Вопль ужаса был ему ответом. Обезумевшие тарасконцы бросились к выходу. Бросились все: женщины, дети, грузчики, охотники за фуражками, даже бравый командир Бравида… Один лишь Тартарен из Тараскона не пошевельнулся… Исполненный решимости, непоколебимый, он по-прежнему стоял перед клеткой, и глаза его метали молнии, а лицо приняло знакомое всему городу свирепое выражение… Мгновение спустя, когда охотники за фуражками, которых несколько успокоило его поведение, а также прочность решеток, приблизились к своему вождю, они услышали, как он, глядя на льва, прошептал:
— Да, вот это охота!
В тот день Тартарен из Тараскона не сказал больше ни слова.
IX
Особого рода мираж
В тот день Тартарен из Тараскона не сказал больше ни слова, но, на свою беду, он уже слишком много сказал…
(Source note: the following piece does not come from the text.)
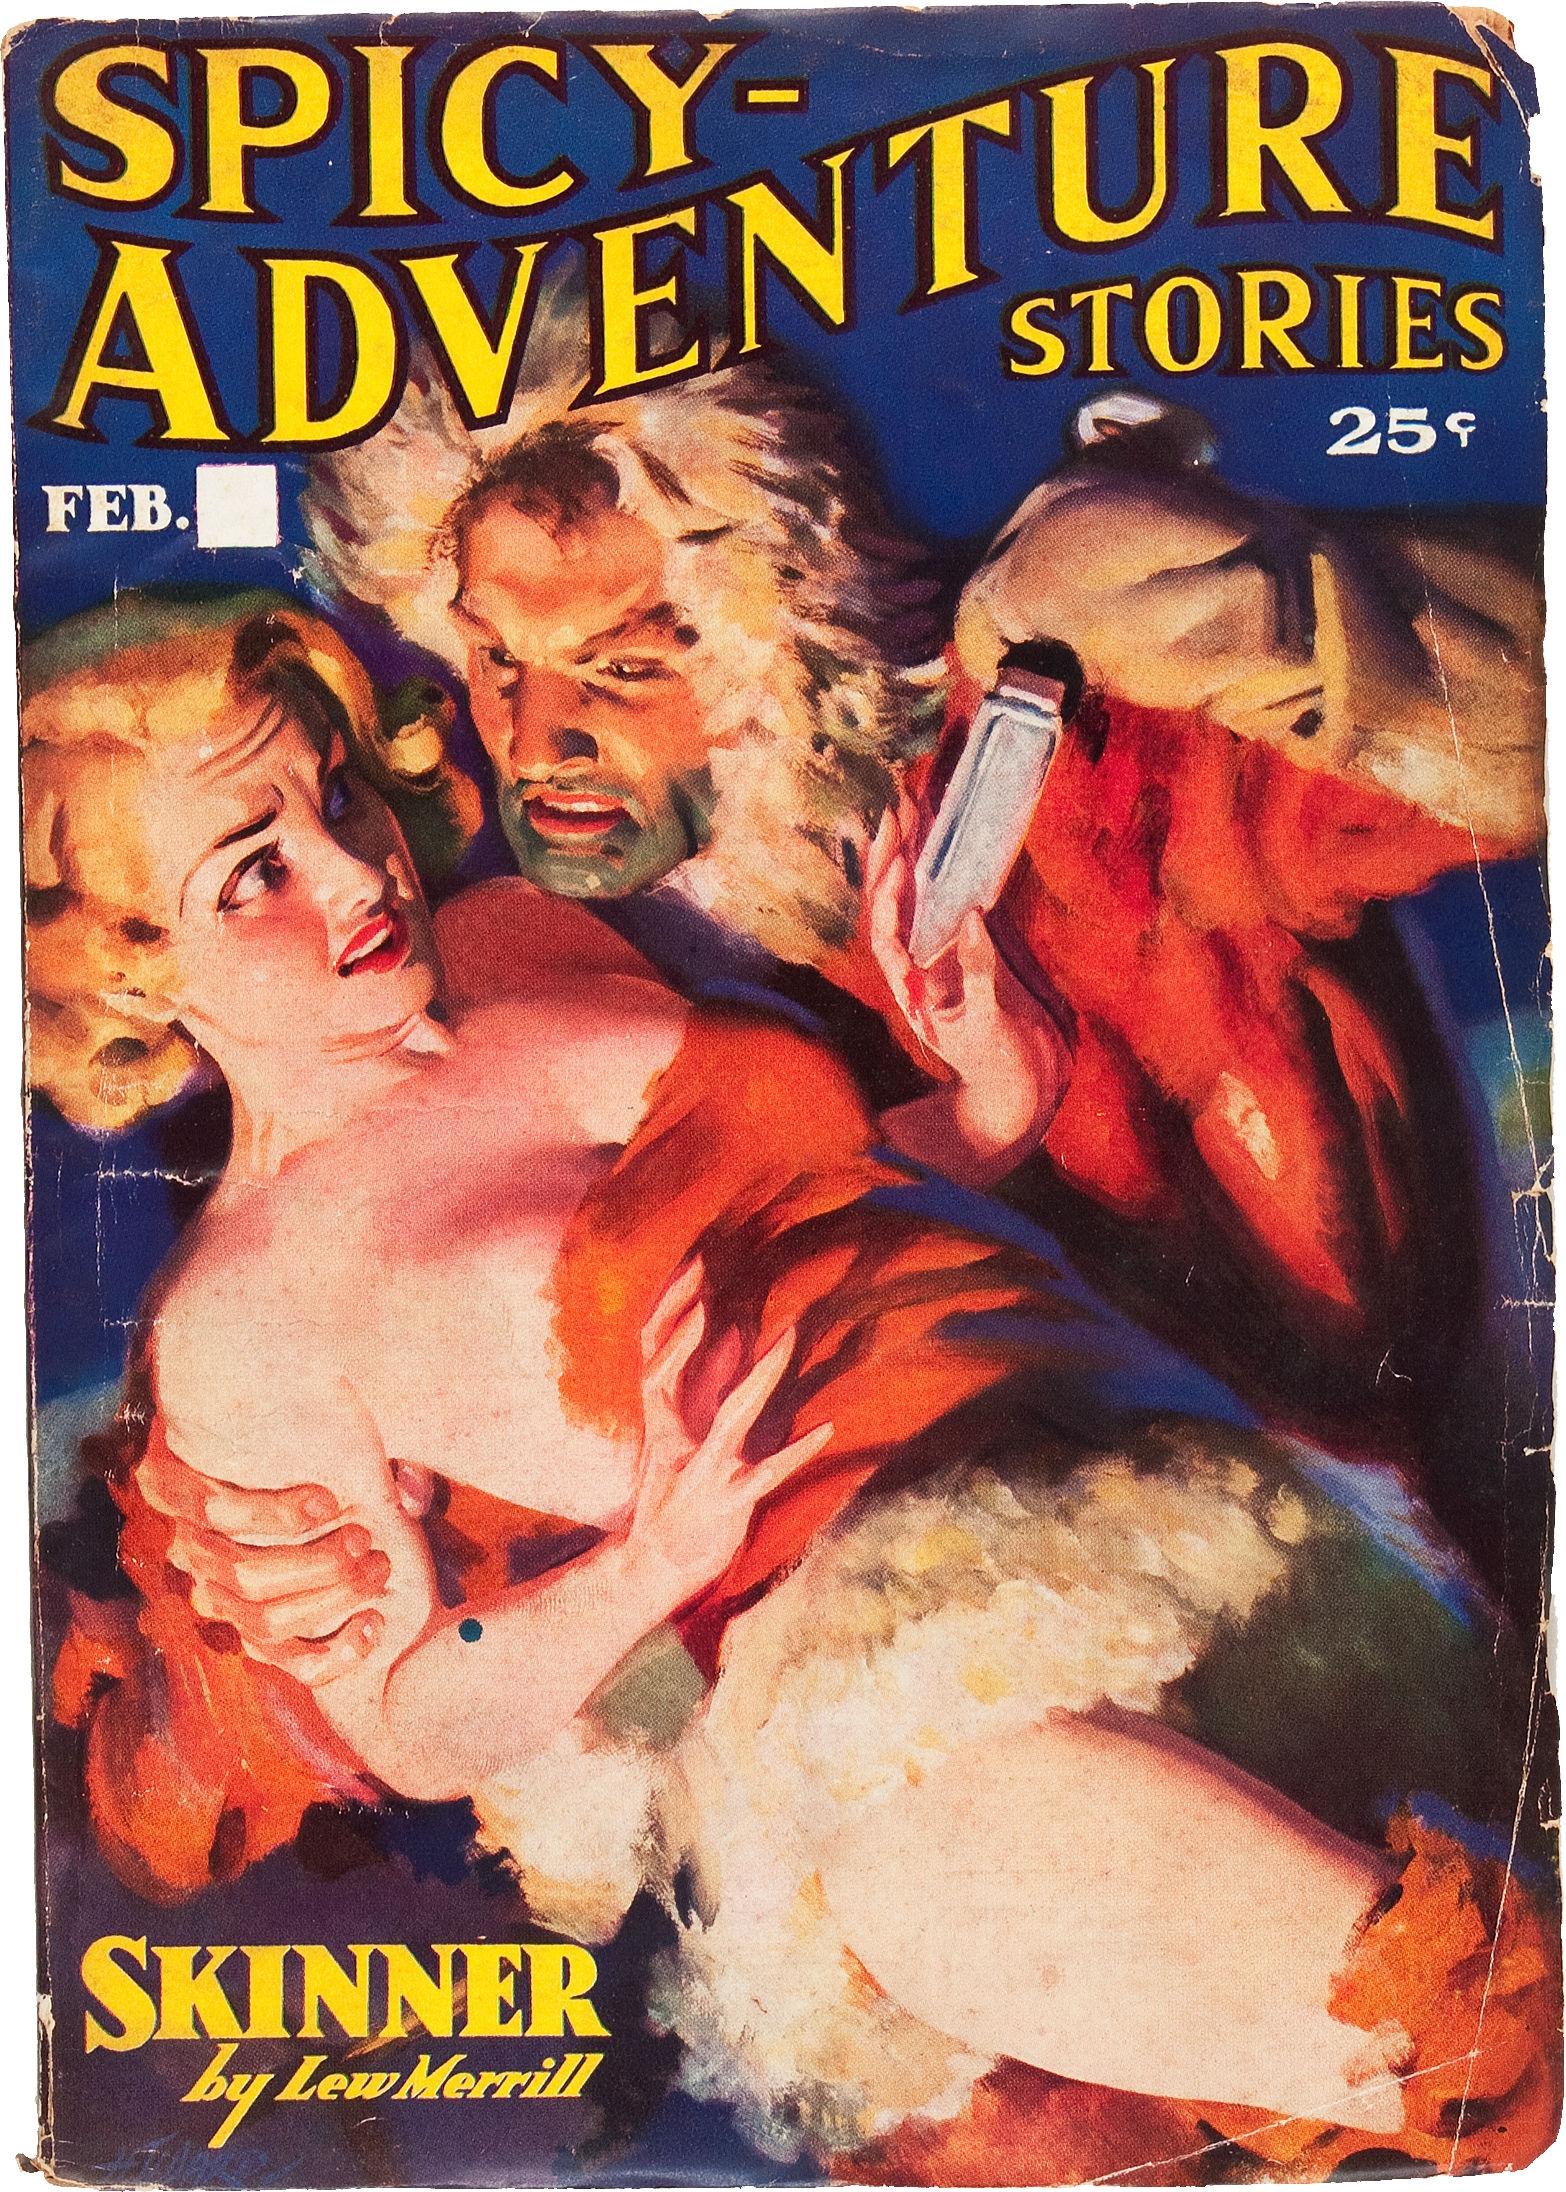 Spicy Adventure Stories - February 1937

На другой день в городе только и разговору было что о предстоящем отъезде Тартарена в Алжир и об охоте на львов. Будьте свидетелями, дорогие читатели, что сам доблестный муж об этом и не заикнулся, но, понимаете ли, мираж…
Словом, весь Тараскон только и говорил что об его отъезде.
На бульваре, в Клубе, у Костекальда люди взволнованно подбегали друг к другу:
— Ну что, слыхали?.. Про отъезд Тартарена, а?
Нужно заметить, что в Тарасконе все фразы начинаются с «ну что», и произносится это: «ну чтэ», а кончаются неизменным «а», и произносится это: «э».
В тот день, чаще чем когда-либо, эти «э» и «ну чтэ» гремели так, что стекла звенели.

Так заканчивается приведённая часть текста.